Tokenization Algorithm

This goal of this algorithm was to produce a catalogue of vocalizations from the vector sets produced by the Fourier Transform based Analysis. The process took these vector sets and transformed them into a set of characters. This was accomplished by assigning a character value to each frequency section, and finding the section with the greatest amplitude for each interval. The characters produced from each interval were then strung together to produce a character string that could be searched using existing tools.

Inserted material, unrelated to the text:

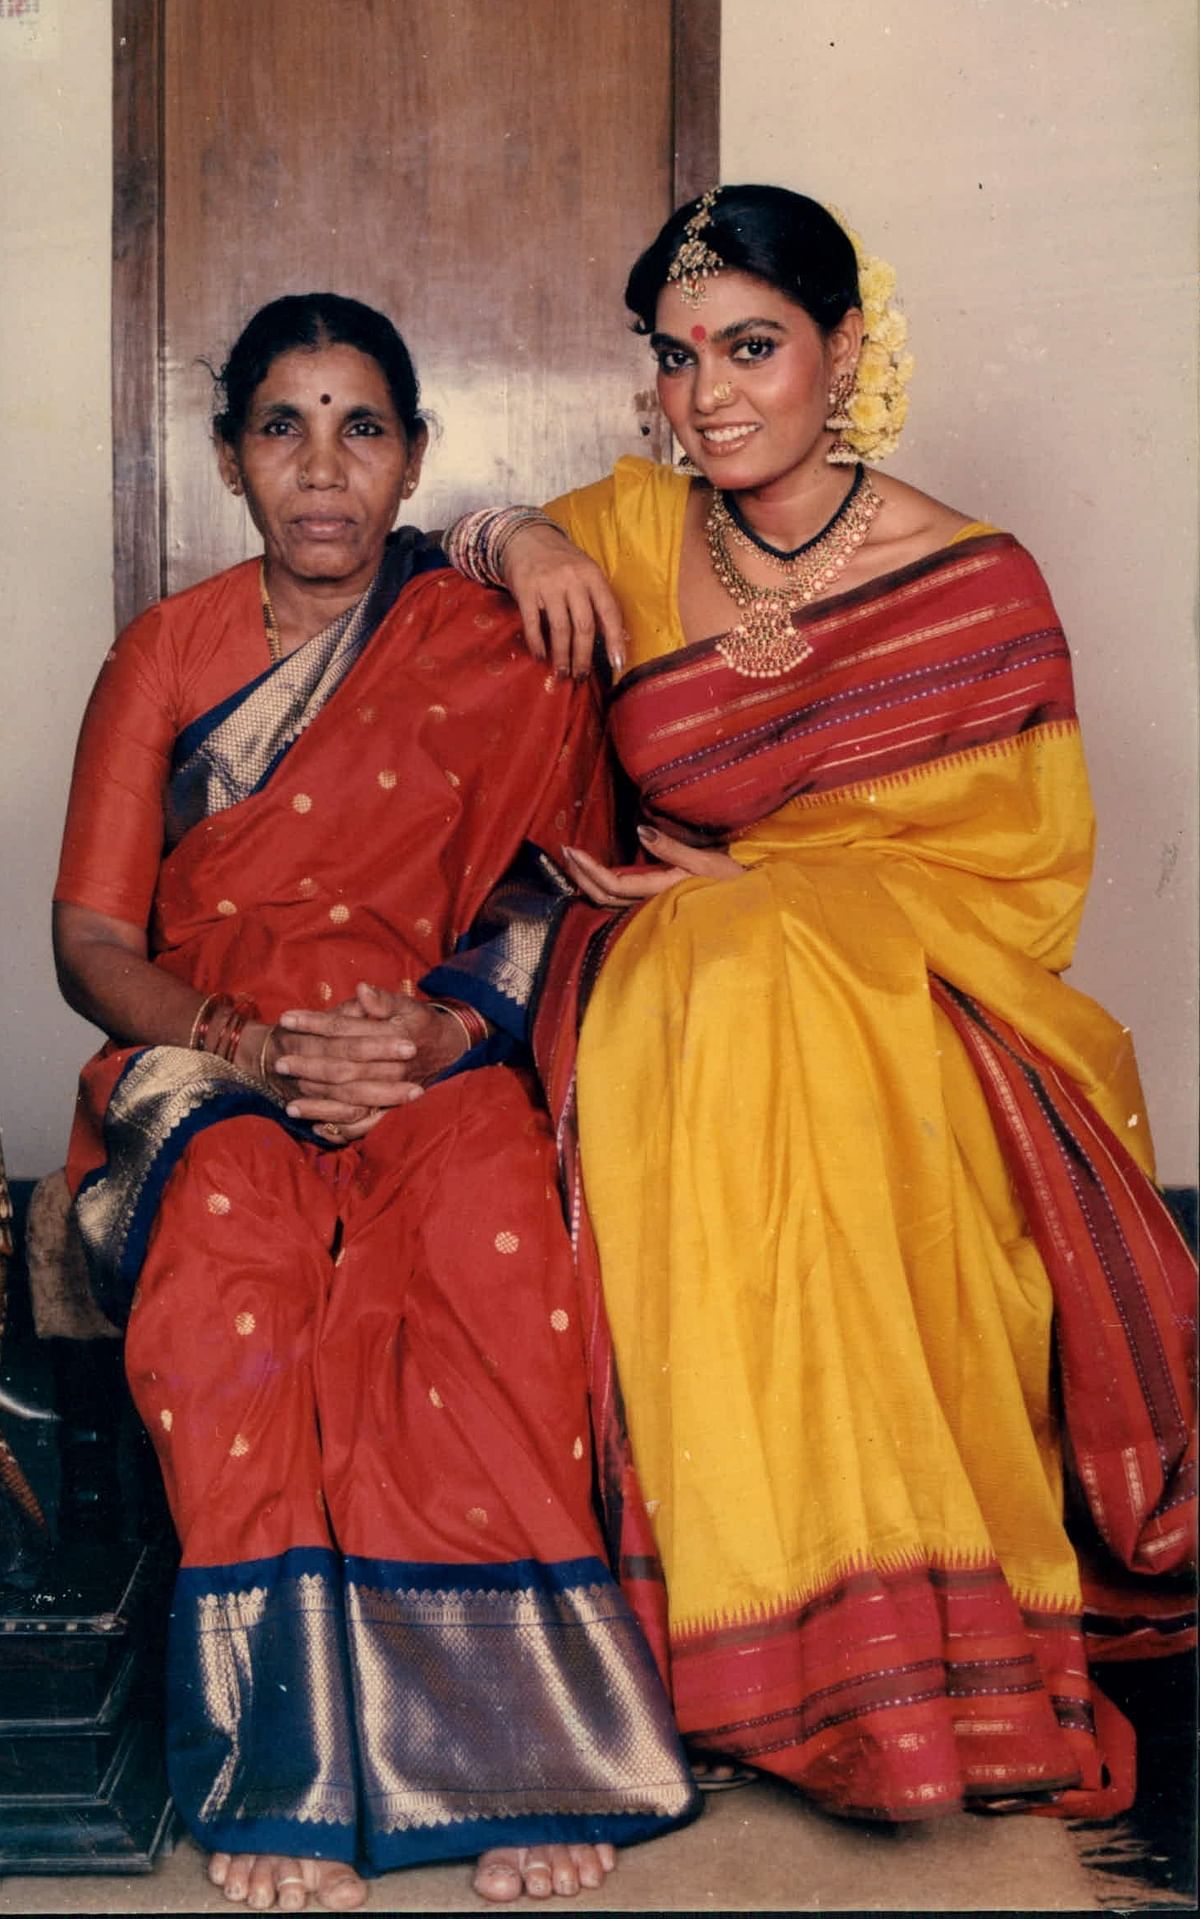 Silk Smitha with her mother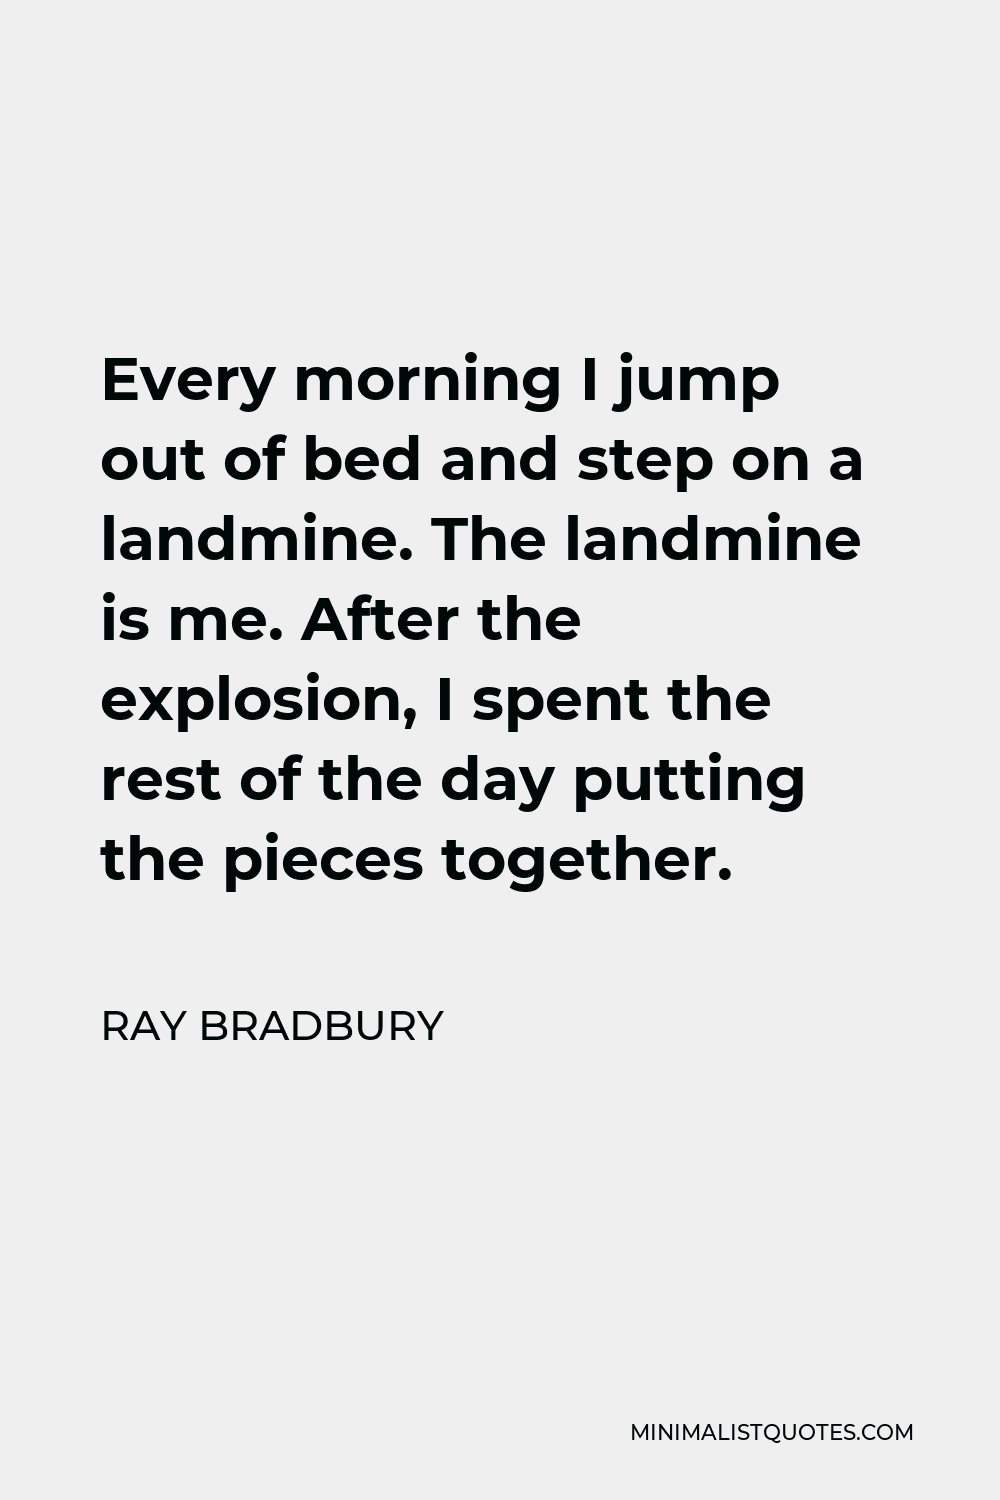 Ray Bradbury Quote - Every morning I jump out of bed and step on a landmine. The landmine is me. After the explosion, I spent the rest of the day putting the pieces together.

The first search algorithm tested was a simple string search. It scanned through the catalogue of token strings and reported the name of each entry that contained the supplied search string. This search was tested with a fixed interval of one second and no overlap and the number of sections set to ten and twenty-five. The test set used a set of random substrings from each recording used to build the catalogue, and as such was heavily biased towards success. Despite this, the best results obtained were a 20% success rate in classification. This was likely due to the lack of synchronization between the segments of vocalization used to create the catalogue and those used to test it, as illustrated in the following figure. This figure shows the effect of offsetting the starting time of a sample by a fraction of an interval. This effect means that the character representation of any signal is not unique to that vocalization.

In order to resolve the issues discovered in the first search, a new search algorithm was developed. This search not only searched on the supplied search string, but also searched on every substring longer that one character within that string. Whenever a match for a certain catalogue entry was found, the length of the string that was matched was added to the total for that specific catalogue entry. When the search was complete, the algorithm returned a list of weights for each entry in the catalogue. The entry with the largest weight was considered the best match and the search string was classified as belonging to the corresponding bird species. Testing of this new search was conducted with a range of data sets created using each combination of the following variables: overlap set to 0%, 50% or 85%, interval set to 1, 0.5 or 0.25 seconds and frequency sections set to ten or twenty-five sections. The results of a test run to classify House and Purple Finches are summarized in the following tables.

Percentage of Successful Token Searches using Ten Sections
Overlap (%) \ Interval(s) 1 0.5 0.25
0 0.5000 0.5000 0.5000
25 0.5000 0.5000 0.5000
50 0.5000 0.5000 0.5000
85 0.5000 0.5000 0.5526
 
Percentage of Successful Token Searches using Ten Sections
Overlap (%) \ Interval(s) 1 0.5 0.25
0 0.5625 0.6000 0.5400
25 0.6250 0.5400 0.5000
50 0.5833 0.5200 0.5400
85 0.5208 0.5000 0.4474

The best results obtained reached 62.5% successful classification. Considering that there were only two different classifications, these results are very poor. As a result of these tests, this approach to identification was abandoned.